彼女の濃い~ぃ1h⑧
都市国家モタルサから都市国家ゴリンドへ。移動馬車での都市国家間の移動には、平均して片道二十分が設定されている。裏話的な事を書くとサービス側担当者は1~2時間を設定したかったらしい。が、さすがにそれは長すぎると、移動の行程を演出できる程度の長さに収まったのだ。
ではその演出は? というと。
『きしゃあーーーーー!!』
移動馬車を襲うモンスターとのランダムエンカウントである。
エンカウントから十分間、間を開けながら襲ってくるモンスターから移動馬車を守りきれば無事到着。ダメならば高い確率で行きの街へと送り返され、低い確率ではランダムで適当な、目的地以外の街へと放り出される。
なかなか意地の悪い仕様なのであった。
当然、トキヤはモンスターに襲われる。
今回のモンスターは地域が荒野なせいか、恐竜系の大型種が一体である。名は『フレンドリードーザー』。外見は典型的な首長竜である。

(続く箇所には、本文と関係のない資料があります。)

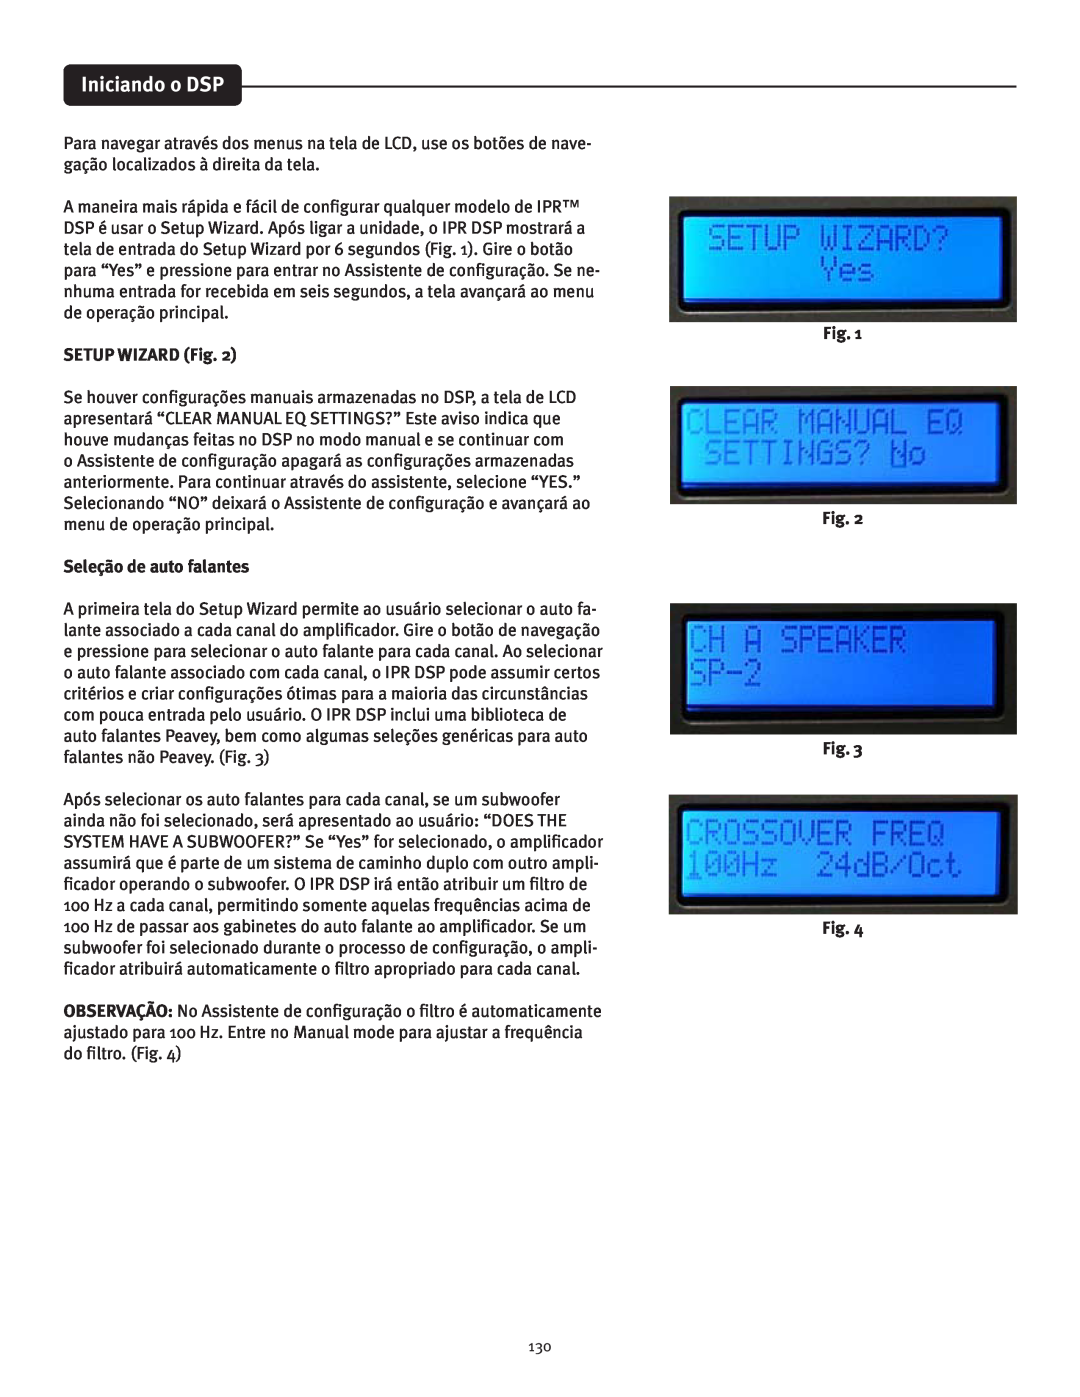 Peavey IPR 4500, IPR 3000, IPR 6000, IPR 1600 manual Iniciando o DSP, SETUP WIZARD Fig, Seleção de auto falantes

草食恐竜をモデルにしているせいか、モンスターでありながらプレイヤーを殺さない、温厚な性格という設定である。だが同時に草食恐竜の特性で、群れていないと不安で暴れるという性格も設定されている。その設定の相乗効果か、フレンドリードーザーは馬車に乗車するプレイヤーを何人か、拉致って確実に何処か遠くの街へ運ぶという習性を持つこととなった。
たった一人の乗客であるトキヤは、当然、その対象になったのである。
だがしかし、フレンドリードーザーは目的を果たす事はできなかった。
トキヤを巻き取ろうとして伸ばされた長い首、その先端の小さな頭部。トキヤに触れるか触れないかのタイミングで、トキヤの左腕が消えたように素早く振られる。“ドガン”と派手な衝突音が鳴り、フレンドリードーザーの頭部が跳ね飛ばされて、千切れて消えた。
守護騎士の防御的必殺技、『カウンターバッシュ』である。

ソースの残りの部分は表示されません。